> ASSIGNMENT
Starting at the line that contains "หน้าต่างบานเลื่อนคู๋ WINDSOR รุ่น", retype each line to the end of the listing below. Include both ends, but not the pictures.

> INFORMATION SUPPLIED
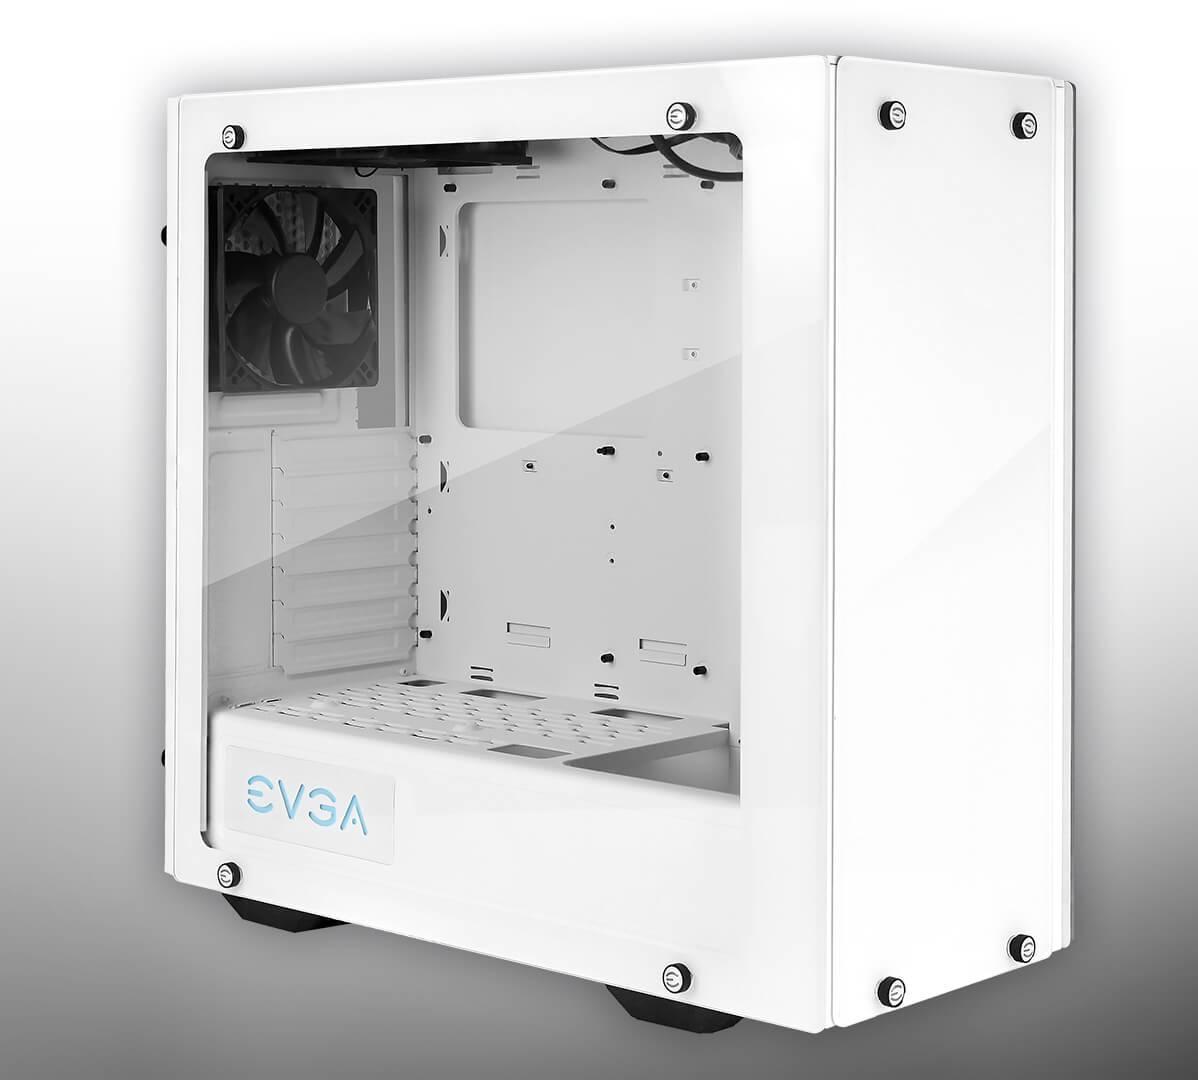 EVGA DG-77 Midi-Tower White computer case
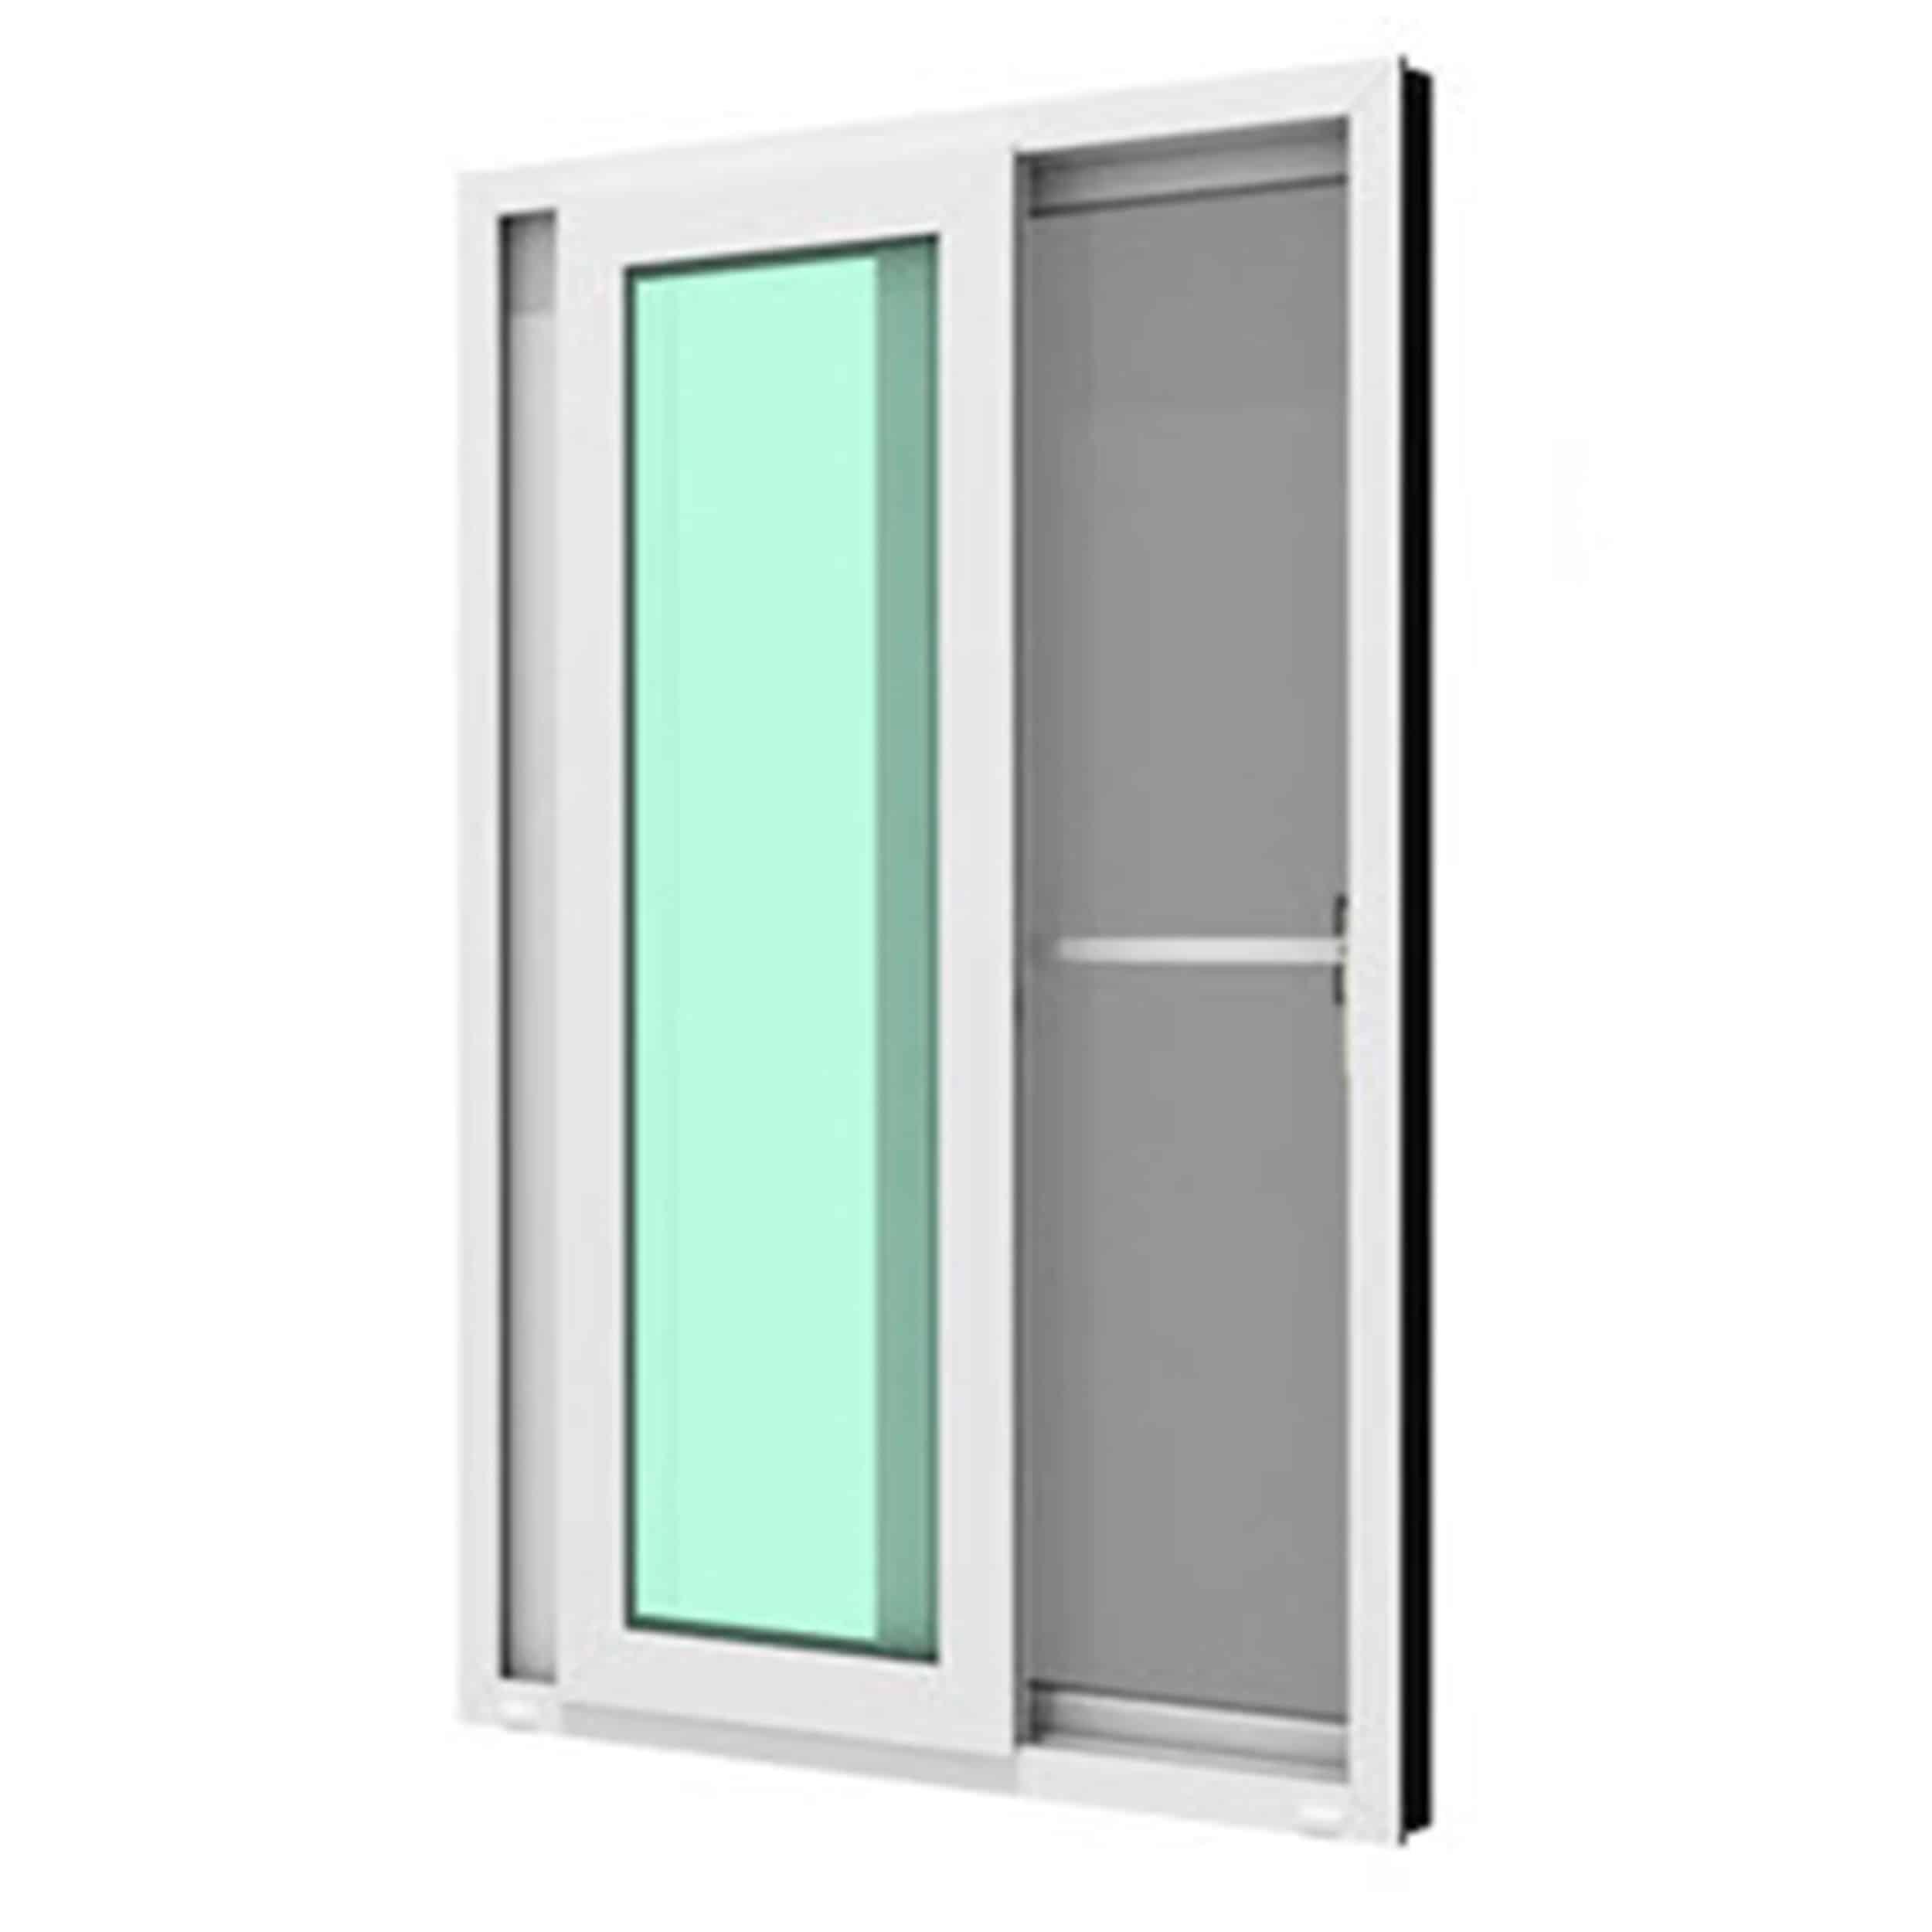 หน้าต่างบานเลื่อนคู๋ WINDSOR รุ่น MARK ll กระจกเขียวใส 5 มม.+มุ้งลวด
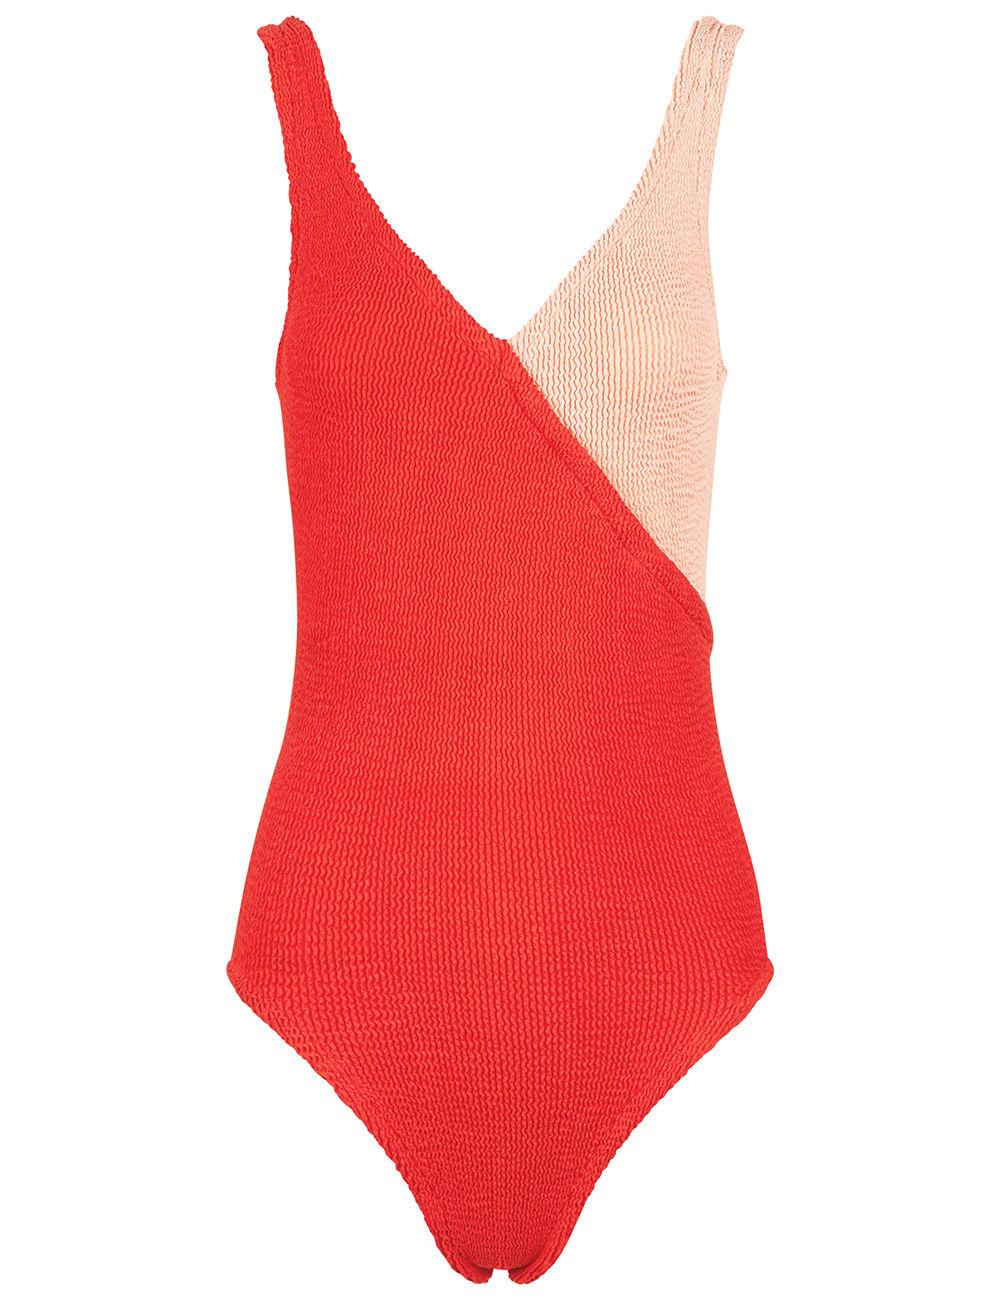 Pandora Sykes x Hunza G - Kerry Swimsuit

> SOLUTION FOR THIS TASK
 หน้าต่างบานเลื่อนคู๋ WINDSOR รุ่น MARK ll กระจกเขียวใส 5 มม.+มุ้งลวด
 Pandora Sykes x Hunza G - Kerry Swimsuit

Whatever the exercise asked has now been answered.